Why Netflix’s Into the Night should be your next box set
Review Overview
Absurdity
8Tension
8Pace
8David Farnor | On 17, May 2020
This review is based on Season 1.
“If we don’t get out of here, the sunrise will kill as all.” Those are the immortal words that set Netflix’s Into the Night in motion – and they set the tone for a ludicrous thriller.
Inspired by Jacek Dukaj’s sci-fi novel The Old Axolotl, the Belgian apocalyptic series introduces us to a world where – yes – the sun is about to wipe out the human race. Not as in climate change, or the eventual collision of the gigantic gas ball with our planet, but actual sunlight shining on the Earth right now. And so, as people start to keel over with the gradual spread of sunrise across the globe, one plucky airplane full of passengers find themselves racing through the night sky trying to keep one wing ahead of destruction.
The thought of a global disaster story might not sound like comforting viewing, but there’s something oddly reassuring about a global disaster story that’s both fictional and utterly ridiculous. This is the kind of series where people issue dramatic ultimatums every 10 minutes, where people try to land a plane by following a YouTube tutorial and where the title of the programme is said just before the end credits of the opening episode.
Our central ensemble are a rag-tag bunch of international types, and each come with their own unseen baggage that they can’t hide away in hold for ever. Front and centre is Sylvie (Pauline Etienne), a former military pilot who recently lost her partner, Rik (Jan Bijvoet), a security guard, Laura (Babetida Sadjo), a care worker, Jakub (Ksawery Szlenkier), who’s good with mechanical engineering, Zara (Regina Bikkinina), a mother who’s travelling to Moscow with her son, Dominic, to secure life-saving medical help, Ines (Alba Gaïa Bellugi), a social media influencer, and Ayaz (Mehmet Kurtuluş), who’s mostly there to spark suspicion.
Attempting to keep them all calm are Mathieu (Laurent Capelluto), the co-pilot on the flight, and Gabrielle (Astrid Whettnall), a flight attendant. Stopping them from keeping calm is Terenzio (Stéfano Cassetti), a NATO officer who forces his way on to the plane and orders them to take off at gunpoint – after overhearing the horror of the situation at work. The news gradually spreads through the plane, and people’s back-stories come to light, some of them criminal, some of them morally dubious, and it’s not long until they all start to judge each other for whatever misdeeds they may or may not have done.
These are all standard elements for disaster stories, as microcosms of society are put under strain. But there’s something rather sweet in the underlying them of people needing to stop judging others based on stereotypes and start trusting them instead to survive. And, thanks to the six-episode running time, there’s more room than in your normal disaster movie to flesh out each person to something more than just their stock type.
They each have their own class prejudices, their own religious beliefs and their own motivations, but they also have their own skills and experiences. Ines, for example, isn’t just a one-joke background character, while Mathieu moves from safe pair of hands in a uniform to a fragile man susceptible to guilt and anxiety. The star of the show is undoubtedly Sylvie, though, and Pauline Etienne does a brilliant job of not only navigating grief, and a possible new romantic interest, but also the overall crisis; told she wasn’t suitable for leadership by the military, she proves time and time again that she’s resourceful, resilient and calm.
Creator Jason George doesn’t let any of that slow things down, though, and Into the Night’s biggest strength is the sheer speed at which it all unfolds.

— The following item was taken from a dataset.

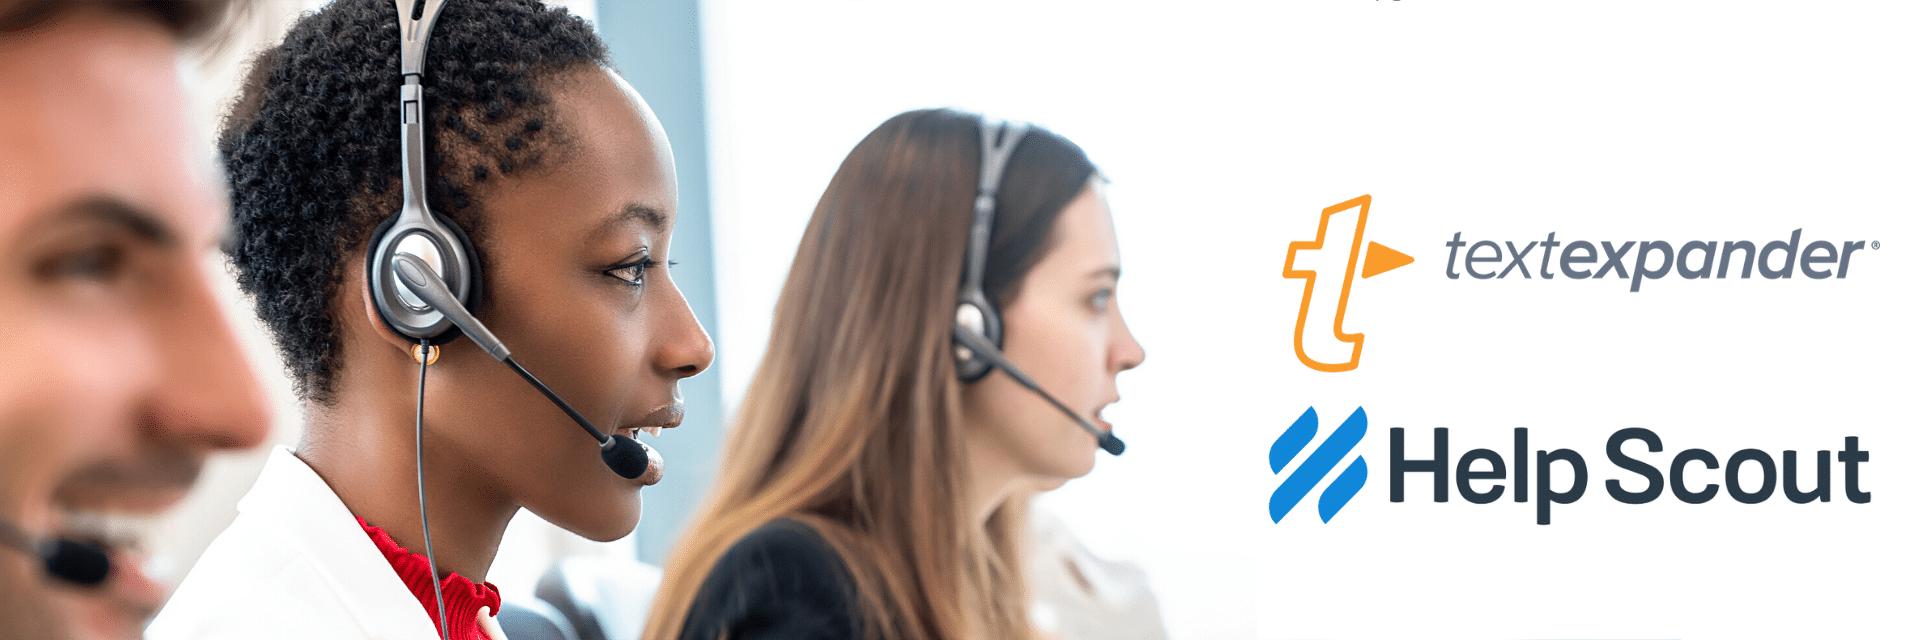 TextExpander and Help Scout Customer Support Webinar

With each episode clocking in closer to 30 minutes than an hour, the series rockets along, taking us from refuelling and attempting to land safely to wondering whether the food has had its DNA reshuffled or debating whether the group should be a dictatorship or democracy. And did we mention that YouTube tutorial?
Directors Inti Calfat and Dirk Verheye keep everything just believable enough to keep the tension high, even as the often unsubtle dialogue hits every cliche possible; the scale of the destruction is kept mostly off-screen, so that what is shown can be rendered convincingly enough, and the cast are never less than committed to even the silliest of plot twists and turns.
The result is a wonderfully gripping tale of survival that – most surprising of all – does actually have somewhere to go after its intriguing finale. For these events, while inspired by The Old Axolotl, are just the prologue to the novel’s main text, which could take the whole thing in an unexpected new direction of technology and humanity. Even if the show continued to plough the same furrow, though, that’d be no bad thing. This thriller might be ludicrous, but it’s never less than ludicrously entertaining. Expect a second season to be announced in a matter of days.
Into the Night is available on Netflix UK, as part of an £9.99 monthly subscription.